### ABOUT THIS TASK
With the exception of the pictures, write out the data below precisely.

### RECORDED DATA
- - - -

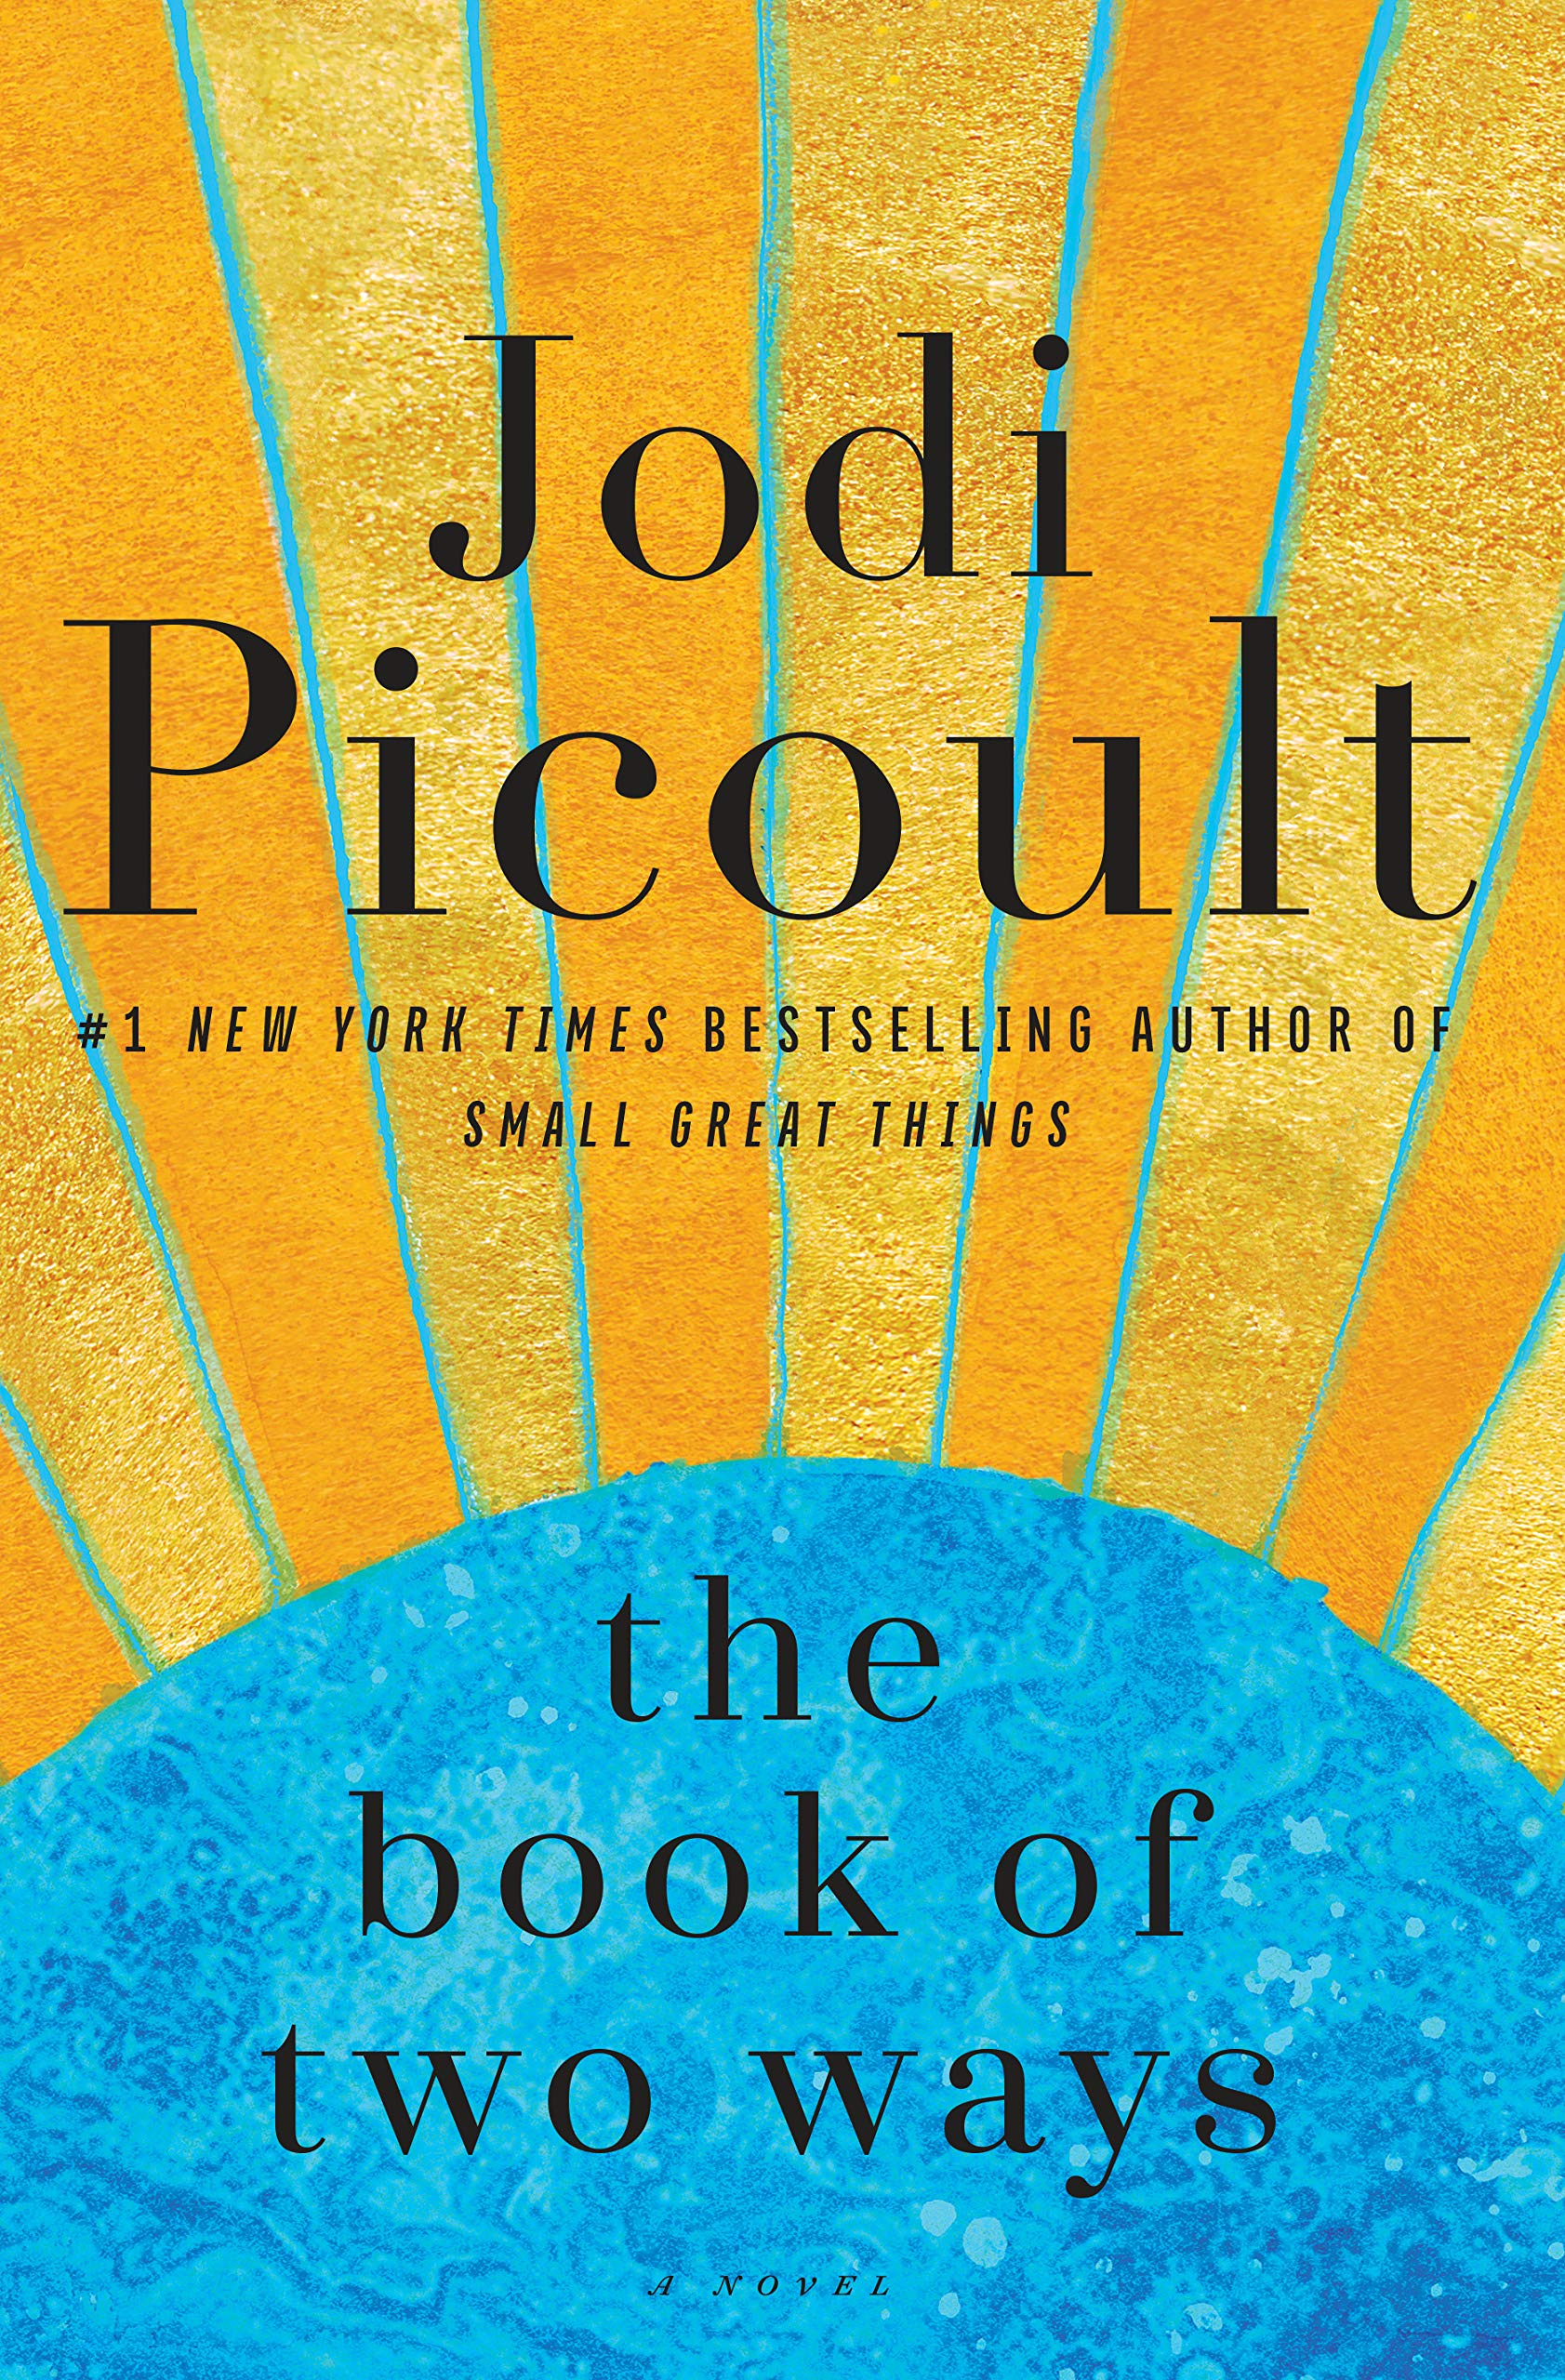 Cover of The Book of Two Ways by Jodi Picoult
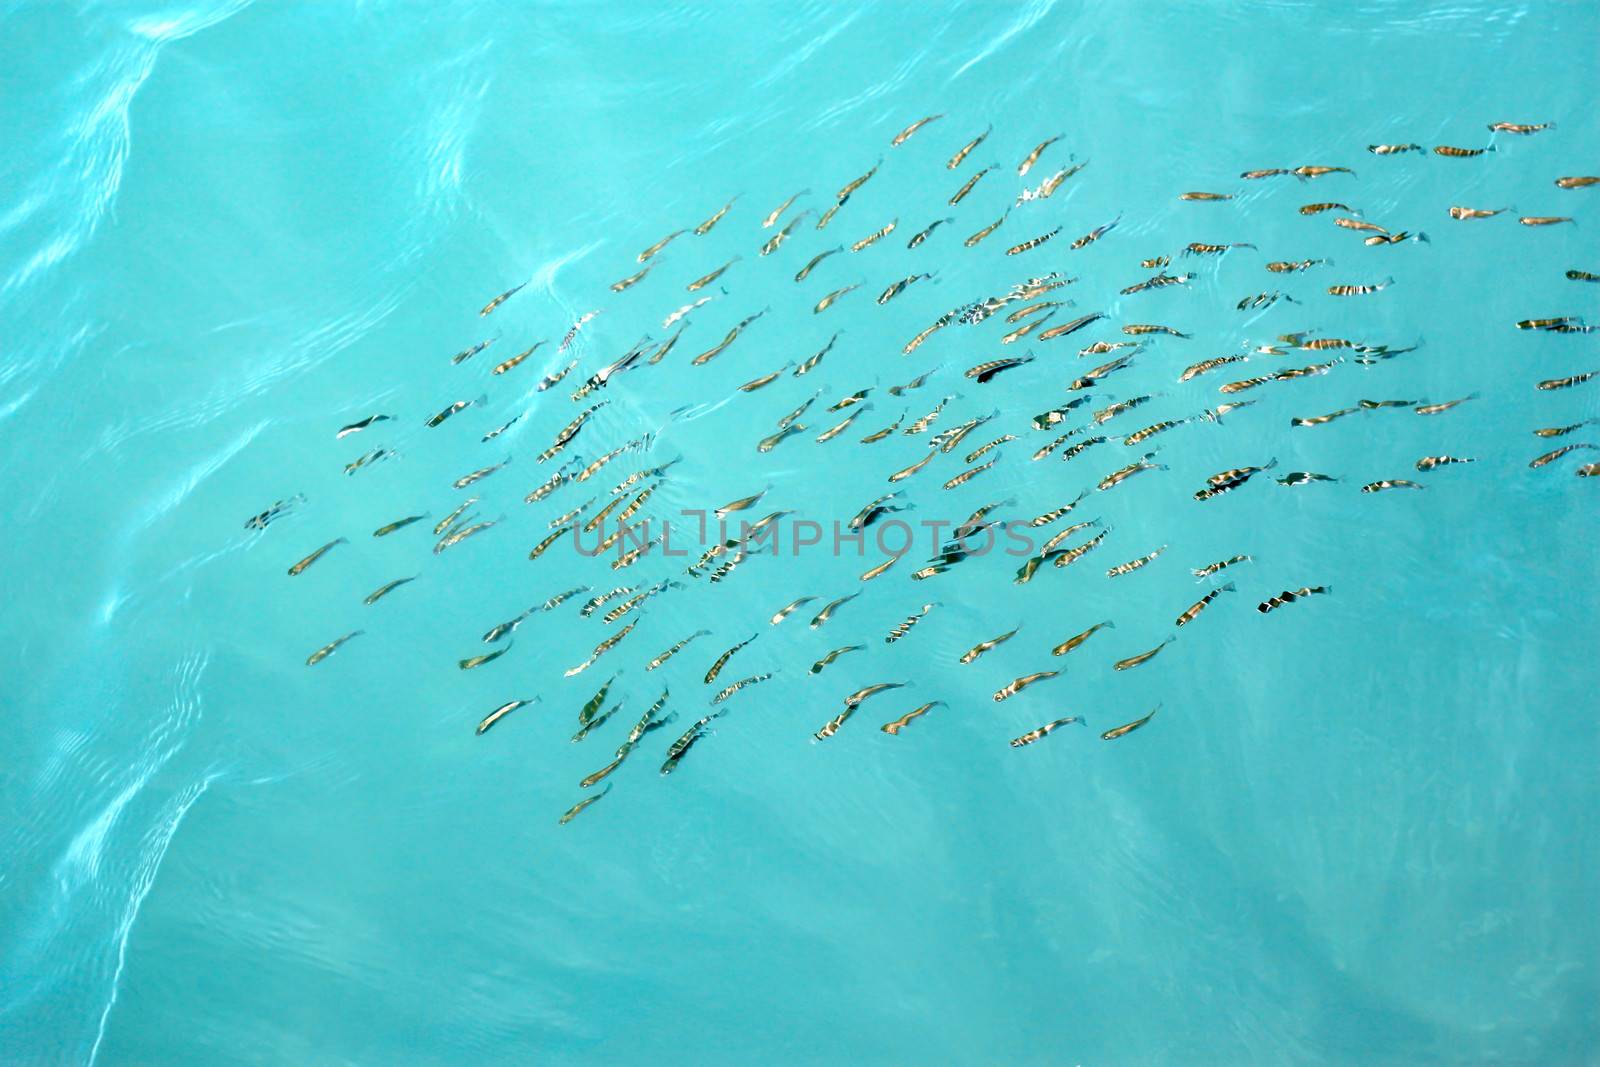 Fishes gobies near sea surface by qiiip
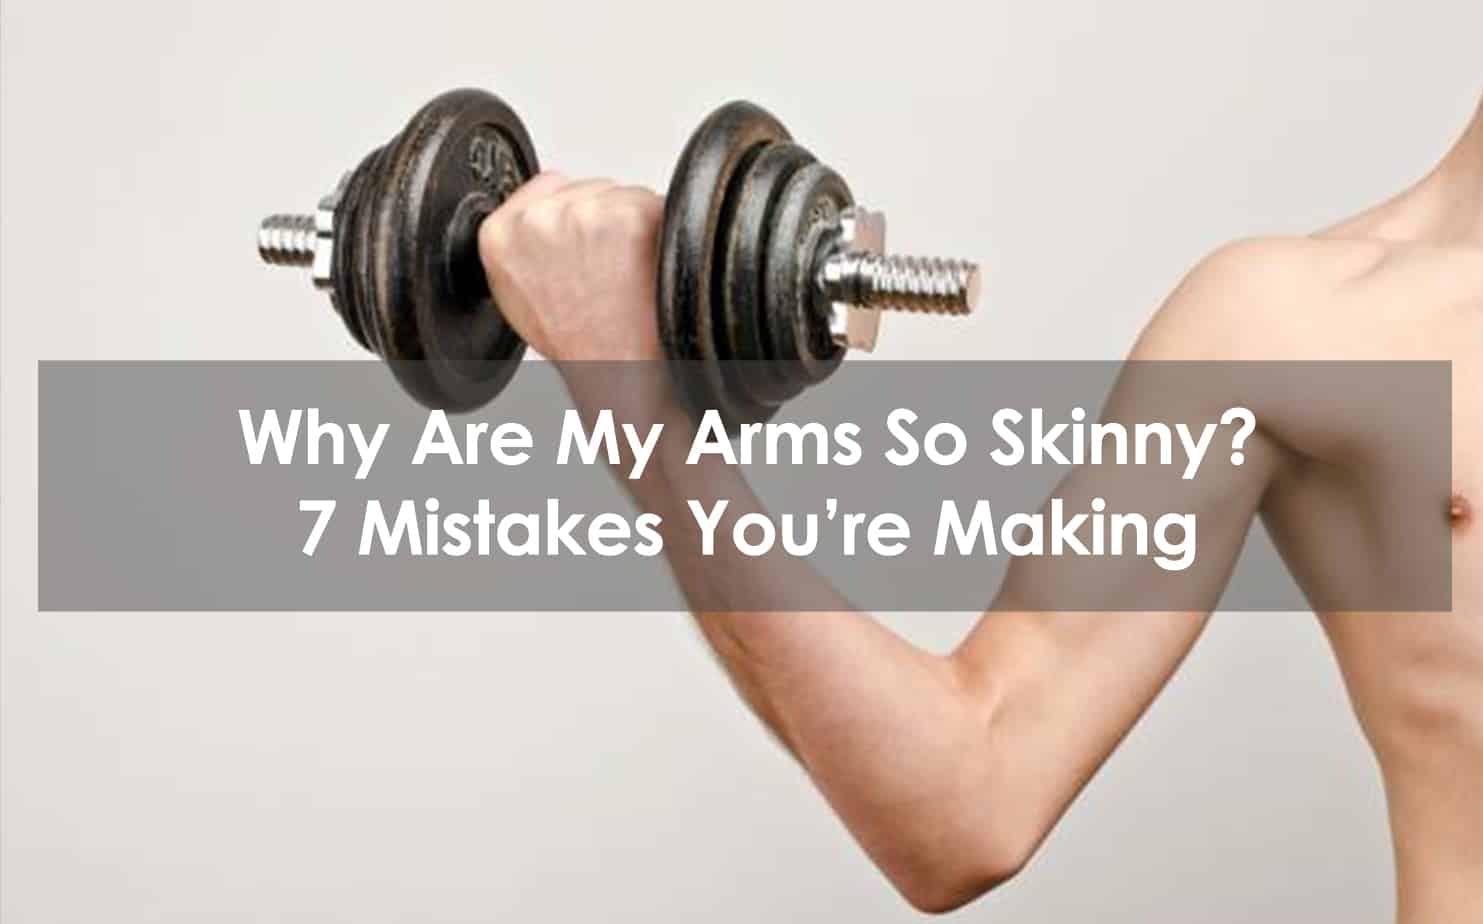 Why Are My Arms So Skinny? 7 Mistakes You're Making

- - - -

### ANSWER TO THIS EXERCISE
 Cover of The Book of Two Ways by Jodi Picoult
 Fishes gobies near sea surface by qiiip
 Why Are My Arms So Skinny? 7 Mistakes You're Making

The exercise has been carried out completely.